Au primaire, dans le public, les élèves apprenaient de bonnes habitudes d’esprit. Ils étaient formés dans le but d’avoir « une intelligence ouverte et éveillée, des idées claires, du jugement, de la réflexion, de l’ordre et de la justesse dans la pensée et dans le langage »50(Gbikpi-Benissan, 2011). A ce niveau, il y a non seulement l’apprentissage du Français mais aussi la préparation des jeunes à être de bons travailleurs dans leur milieu. Le supérieur est réservé aux élèves qui ont eu le certificat. Là, ils faisaient une formation de trois ans au terme desquels, ils pouvaient devenir enseignants ou auxiliaires dans le secteur santé ou administratif. Les élèves les plus doués passaient le concours pour aller à William Ponty à Dakar, ou à Bamako selon les filières dans lesquelles ils étaient qualifiés51 (Gayibor et al. p.170). On retrouve dans l’ouvrage la Conquête morale de Hardy (1917), premier inspecteur de l’enseignement en AOF, l’objectif de l’école :

« Nous imposons à l’école d’étroites obligations. … Nous nous efforçons de l’apparenter de plus en plus étroitement aux intentions essentielles de notre œuvre coloniale, de l’enraciner en pleine terre de réalité, de faire de son enseignement tout entier une préparation aux modes d’existence qui nous paraissent désirables pour les indigènes »52 (Hardy, 1917, p :350)

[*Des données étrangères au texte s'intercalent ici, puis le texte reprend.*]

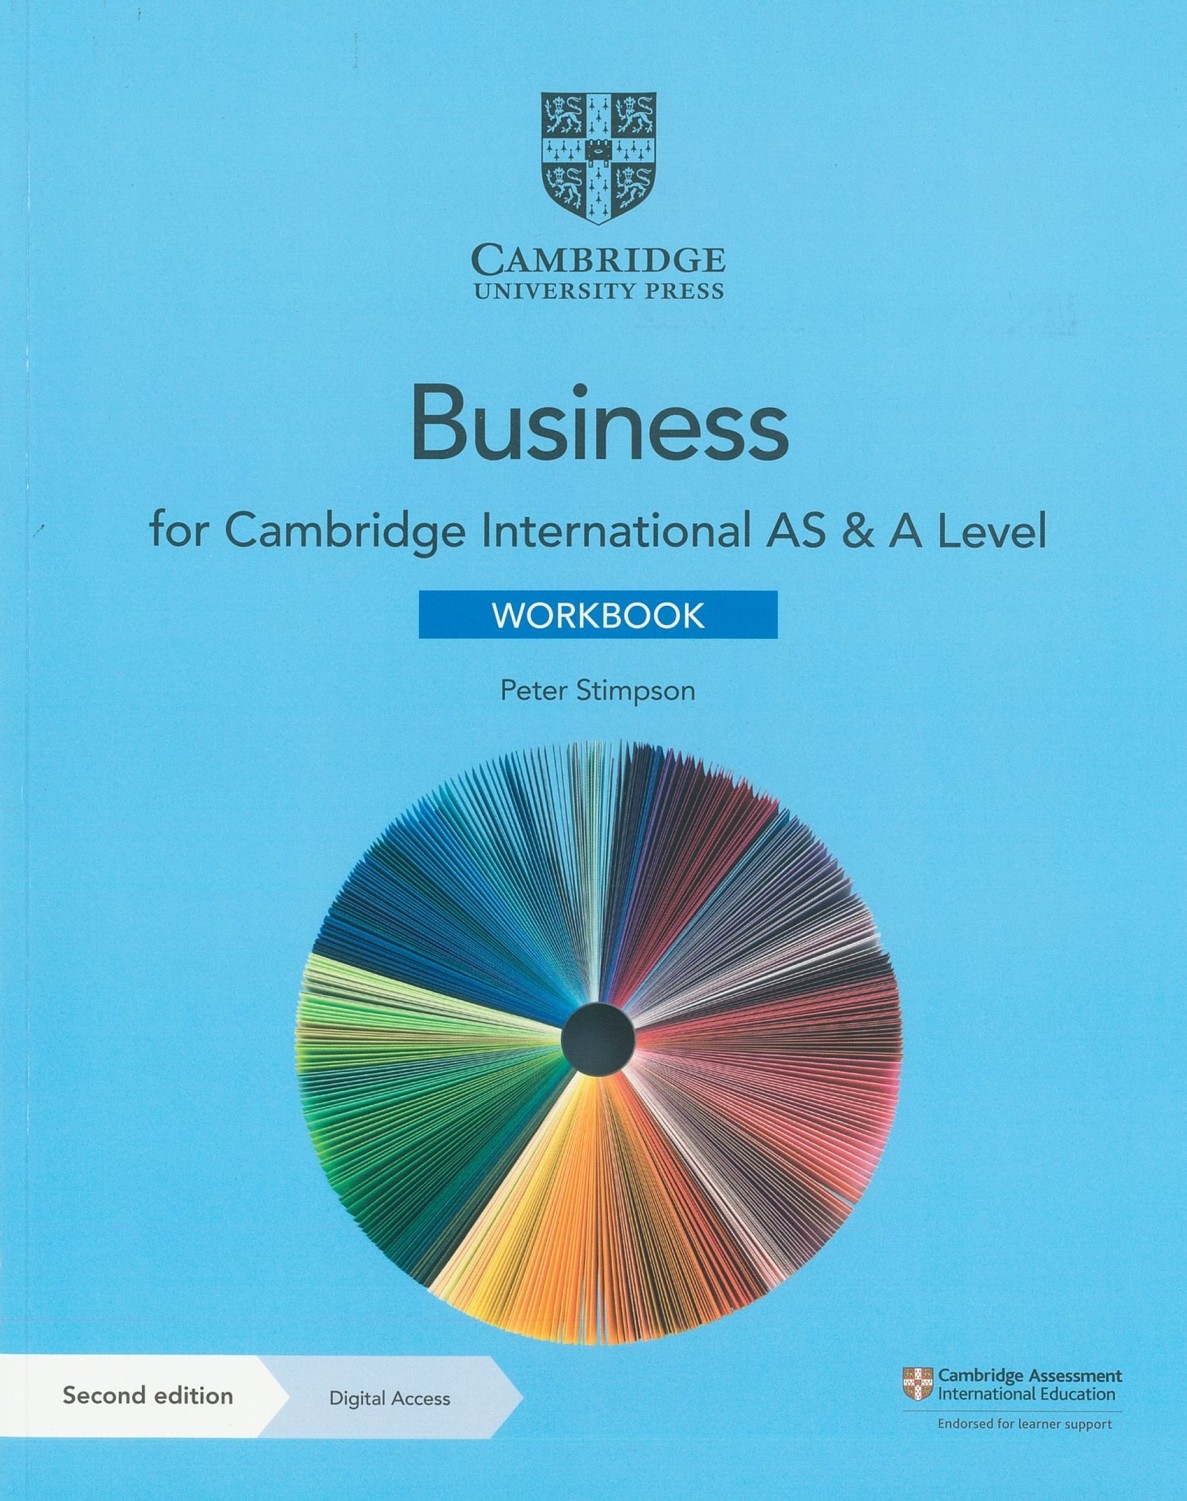 CUP - AS & A LEVEL BUSINESS WORKBOOK - STIMPSON
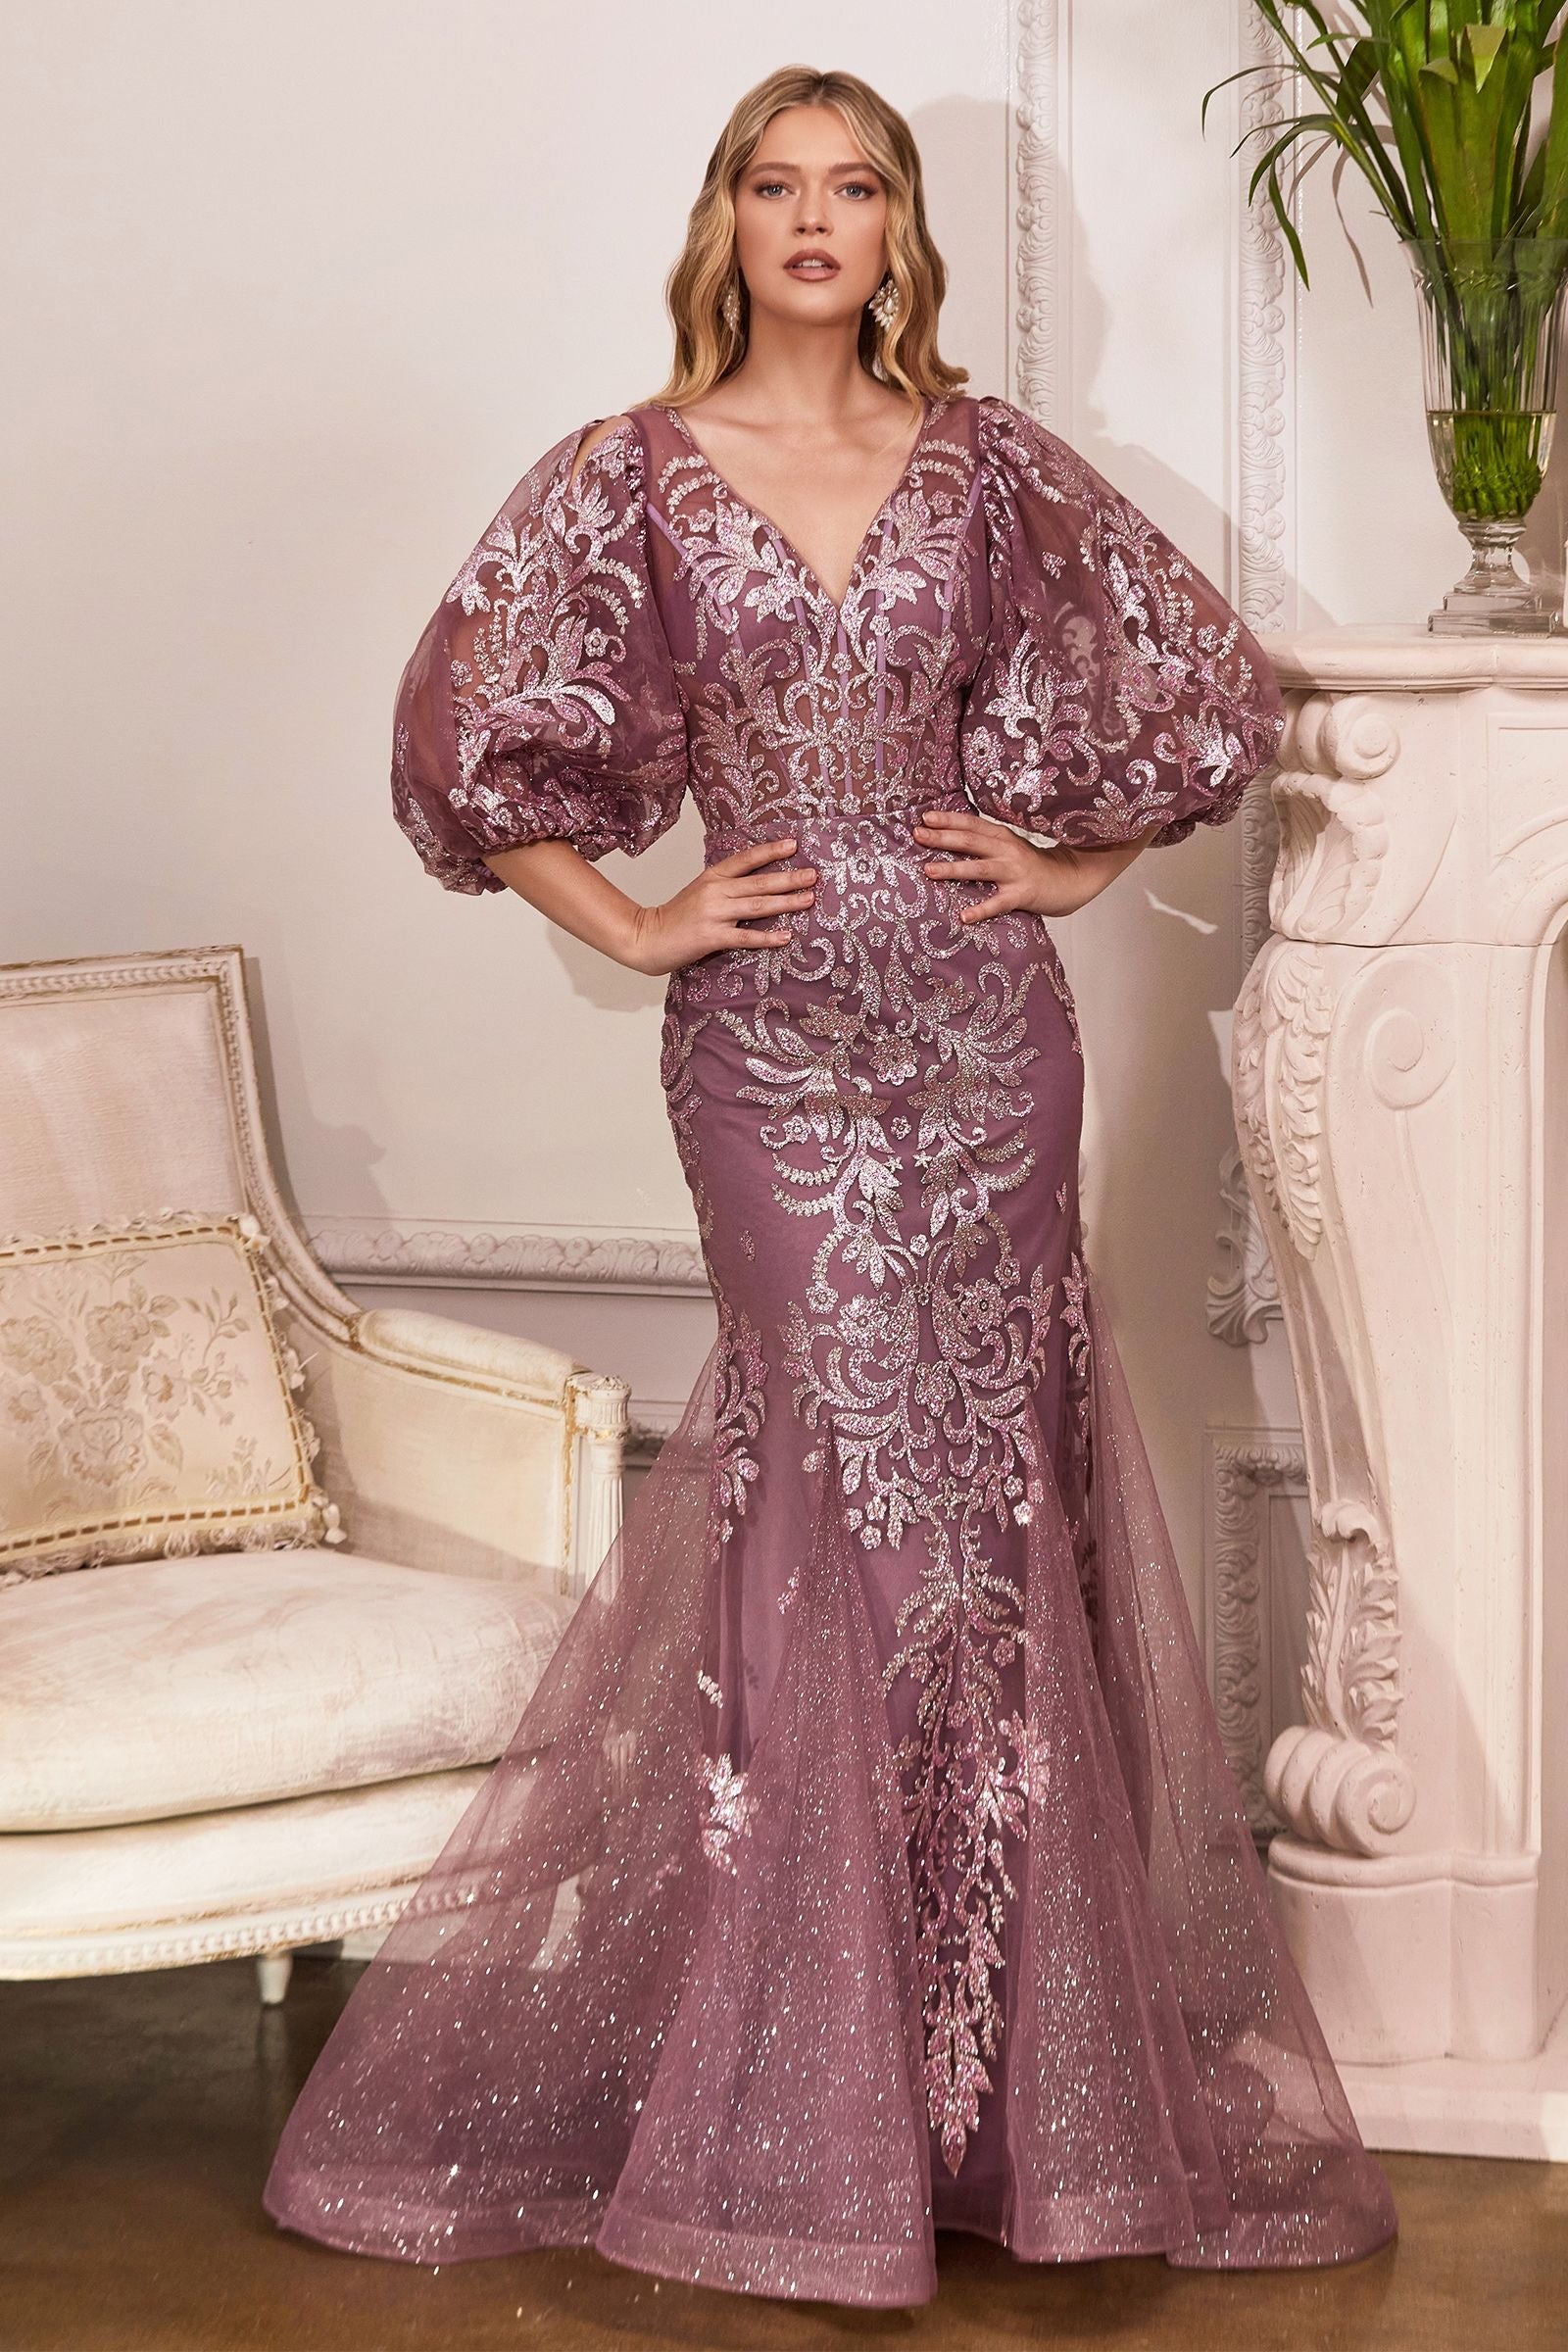 A show-stopping glittering mermaid gown, featuring elegant long sleeves

En résumé, le programme dans les écoles était dirigé vers les impératifs culturels, économiques et à la recherche de rendement. A l’origine, il devait être homologué sur la scolarisation en métropole c’est-à-dire selon le principe de laïcité (Spaëth, 2000). Cependant, la pratique sur le terrain était tout autre. Dans le fond, il était seulement manuel et non orienté vers le travail intellectuel (Gbikpi-Benissan, 2011). Seule l’élite avait accès au travail intellectuel. Envisageant une politique ambitieuse (Gayibor, 1997, p.170), les colonisateurs français ont voulu homologuer la scolarisation dans les colonies sur le modèle des écoles françaises. Si dans son organigramme, l’école était arrimée sur celle en place en Métropole, la pédagogie d’enseignement par contre était différente dans la forme puisque le but visé était d’avoir de la main d’œuvre bon marché par la pratique de la politique assimilationniste53.

50 Extrait des instructions officielles (cité dans Desclos et al. 1933, Atlas de l’enseignement en France : 87) Cité par, Système

scolaire au Togo sous mandant Français, tome 1, Paris, L’Harmattan, 2011, p.41.

51 Gayibor, N. L., Aduayom, M., Ahadji, V., Ali-Napo, P., Amegan, K., Amegbleame Essilivi, A., ... & Marguerat, Y. (1997).

Le Togo sous domination coloniale (1884-1960).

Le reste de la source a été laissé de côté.